DoubleBarrelLRUCache.CloneableKey
Object providing clone(); the key class must subclass this.
DoubleBarrelLRUCache<TKey, TValue>
Simple concurrent LRU cache, using a "double barrel" approach where two ConcurrentHashMaps record entries.
At any given time, one hash is primary and the other is secondary. Get(TKey) first checks primary, and if that's a miss, checks secondary. If secondary has the entry, it's promoted to primary (NOTE: the key is cloned at this point). Once primary is full, the secondary is cleared and the two are swapped.
This is not as space efficient as other possible concurrent approaches (see LUCENE-2075): to achieve perfect LRU(N) it requires 2*N storage. But, this approach is relatively simple and seems in practice to not grow unbounded in size when under hideously high load.
ExceptionExtensions
Extensions to the System.Exception class to allow for adding and retrieving suppressed exceptions, like you can do in Java.
ExcludeServiceAttribute
Base class for Attribute types that exclude services from Reflection scanning.
FieldCacheSanityChecker
Provides methods for sanity checking that entries in the FieldCache are not wasteful or inconsistent.
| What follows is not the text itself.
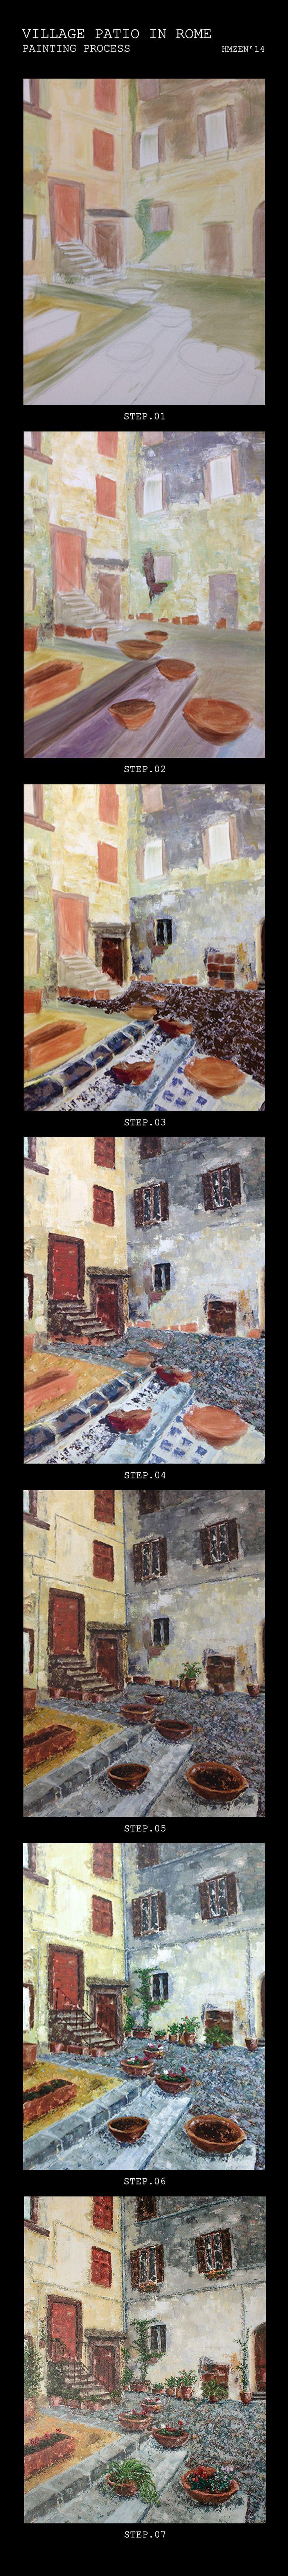 Proceso de creación del acrílico con espátula - Patio de pueblo en Roma. Creation process of acrylic with spatula - Village patio in Rome HMZEN'14

Lucene 2.9 Introduced numerous enhancements into how the FieldCache is used by the low levels of Lucene searching (for Sorting and ValueSourceQueries) to improve both the speed for Sorting, as well as reopening of IndexReaders. But these changes have shifted the usage of FieldCache from "top level" IndexReaders (frequently a MultiReader or DirectoryReader) down to the leaf level SegmentReaders. As a result, existing applications that directly access the FieldCache may find RAM usage increase significantly when upgrading to 2.9 or Later. This class provides an API for these applications (or their Unit tests) to check at run time if the FieldCache contains "insane" usages of the FieldCache.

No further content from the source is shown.